> _The task_: Beneath this instruction is a listing. Transcribe from it only the stretch from the line with "23301b02c Černé dámské" through the line with "(video) Miting anti-SUA", both end lines included, exactly as written.

> _Material supplied_:
________________________________________
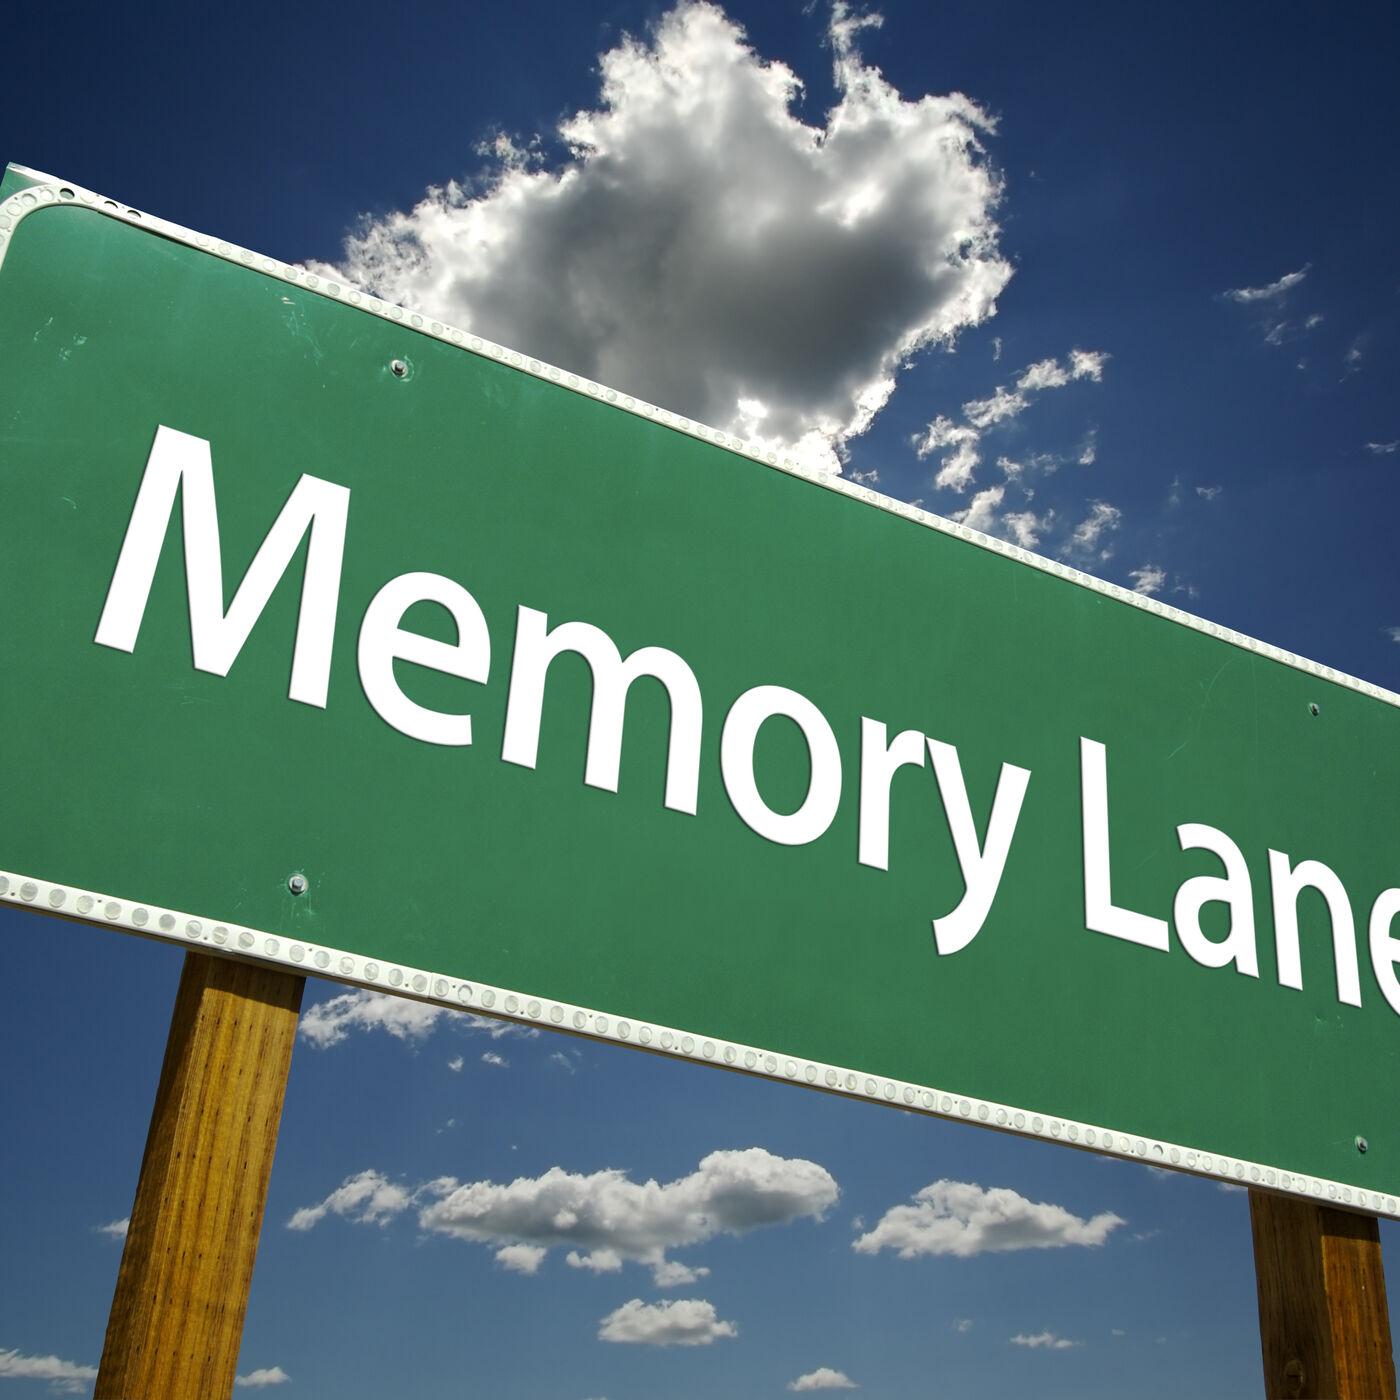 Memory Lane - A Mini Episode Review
________________________________________
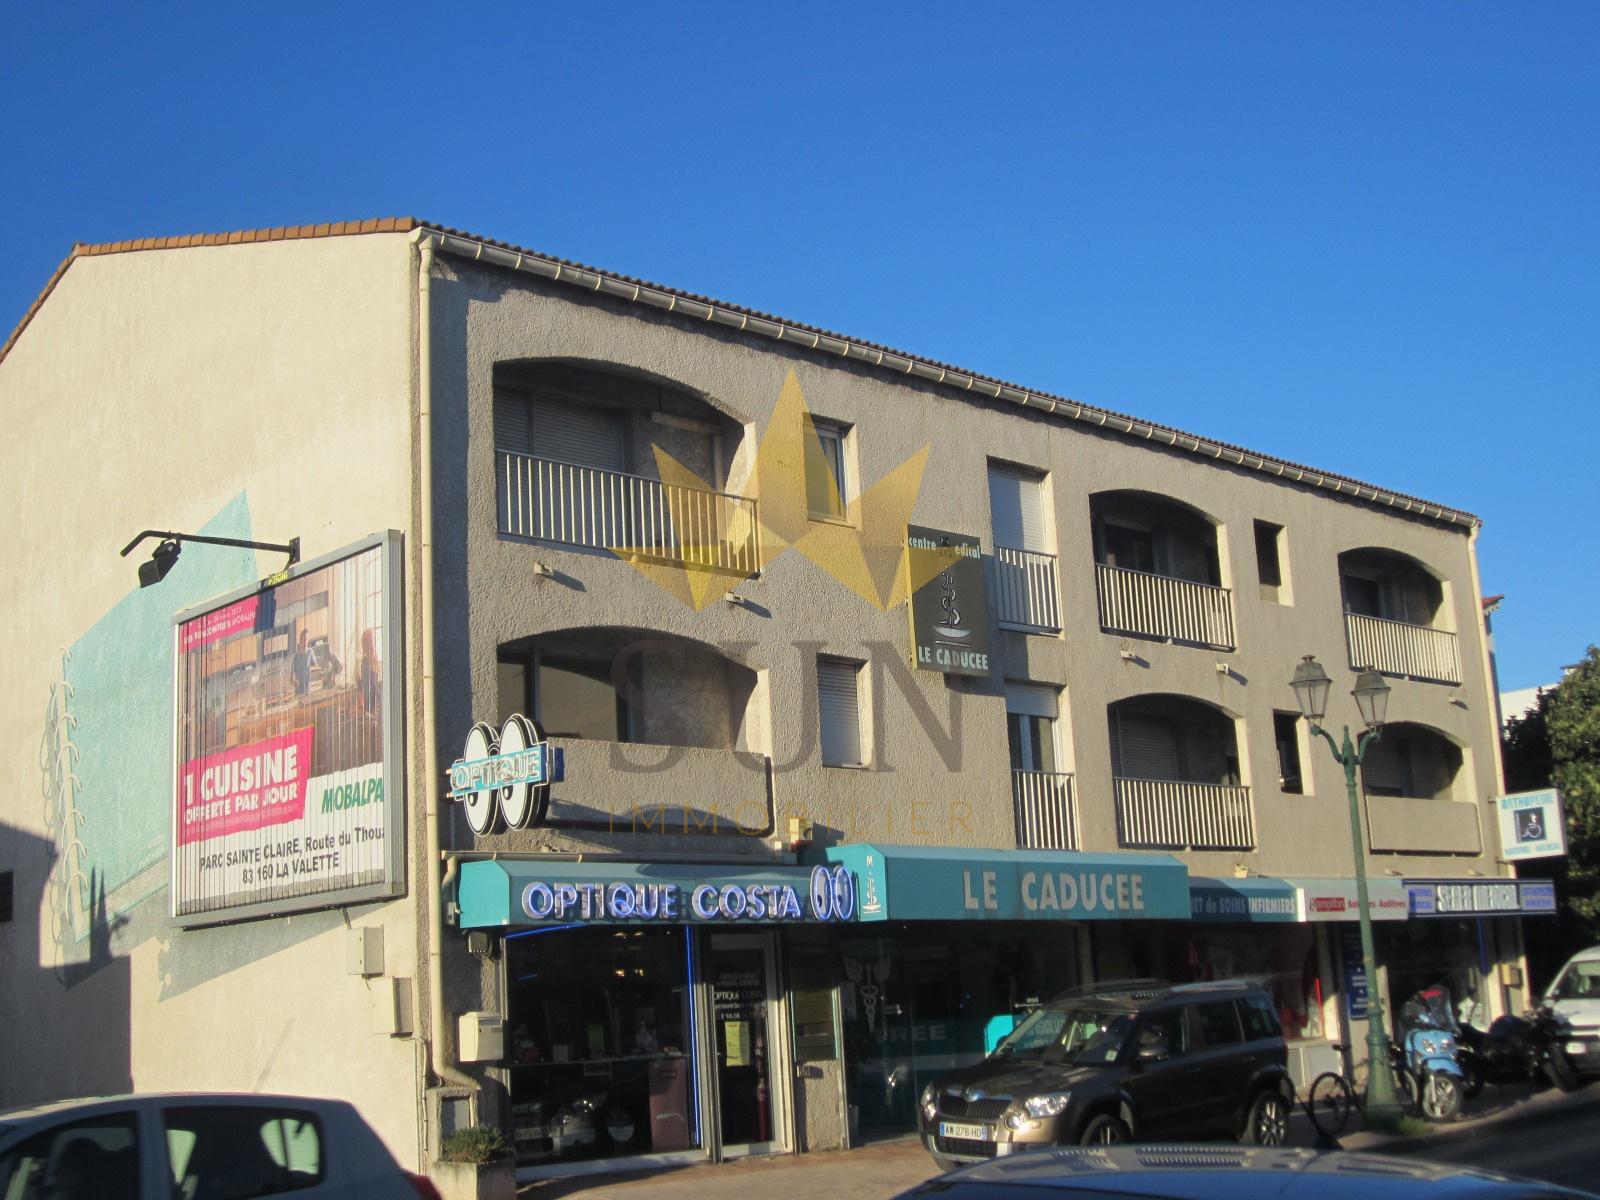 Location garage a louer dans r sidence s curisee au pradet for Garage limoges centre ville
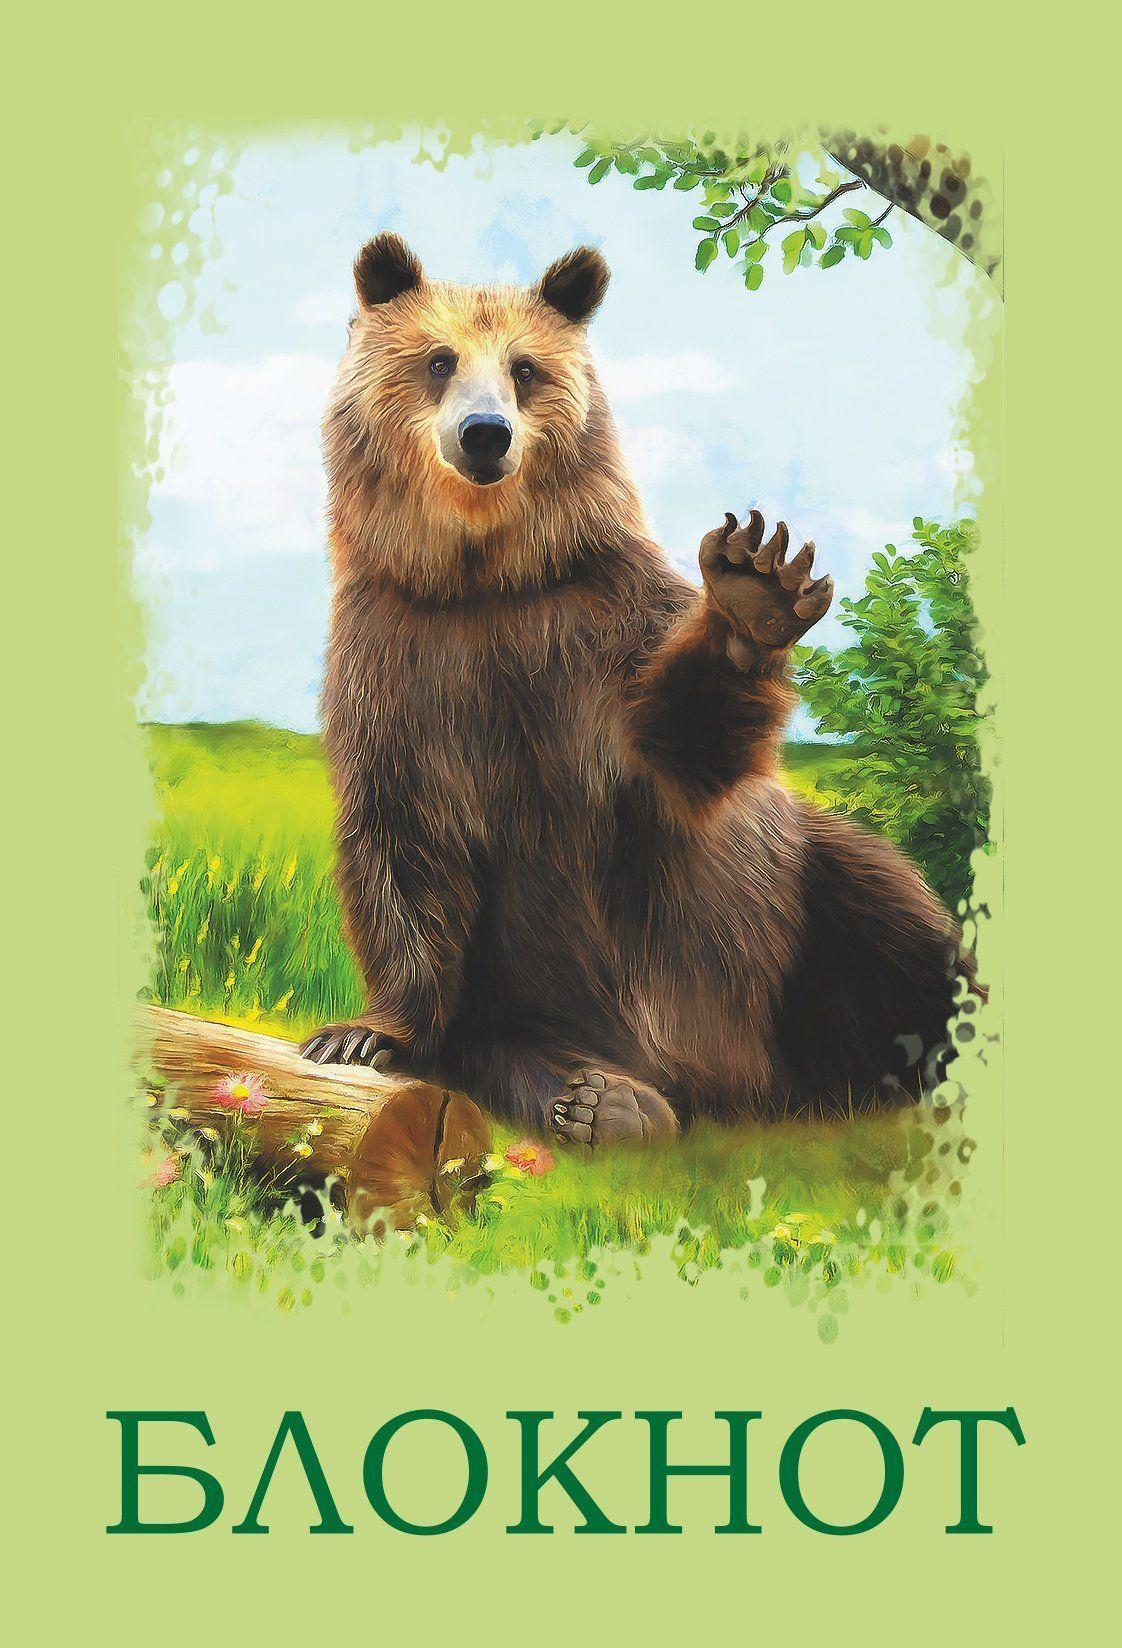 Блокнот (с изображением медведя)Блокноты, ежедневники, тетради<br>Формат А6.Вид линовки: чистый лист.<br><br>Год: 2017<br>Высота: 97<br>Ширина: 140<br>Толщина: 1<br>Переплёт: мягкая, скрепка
________________________________________
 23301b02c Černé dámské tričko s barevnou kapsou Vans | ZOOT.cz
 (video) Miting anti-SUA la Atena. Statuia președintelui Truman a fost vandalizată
________________________________________
> _Your response_:
 23301b02c Černé dámské tričko s barevnou kapsou Vans | ZOOT.cz
 (video) Miting anti-SUA la Atena. Statuia președintelui Truman a fost vandalizată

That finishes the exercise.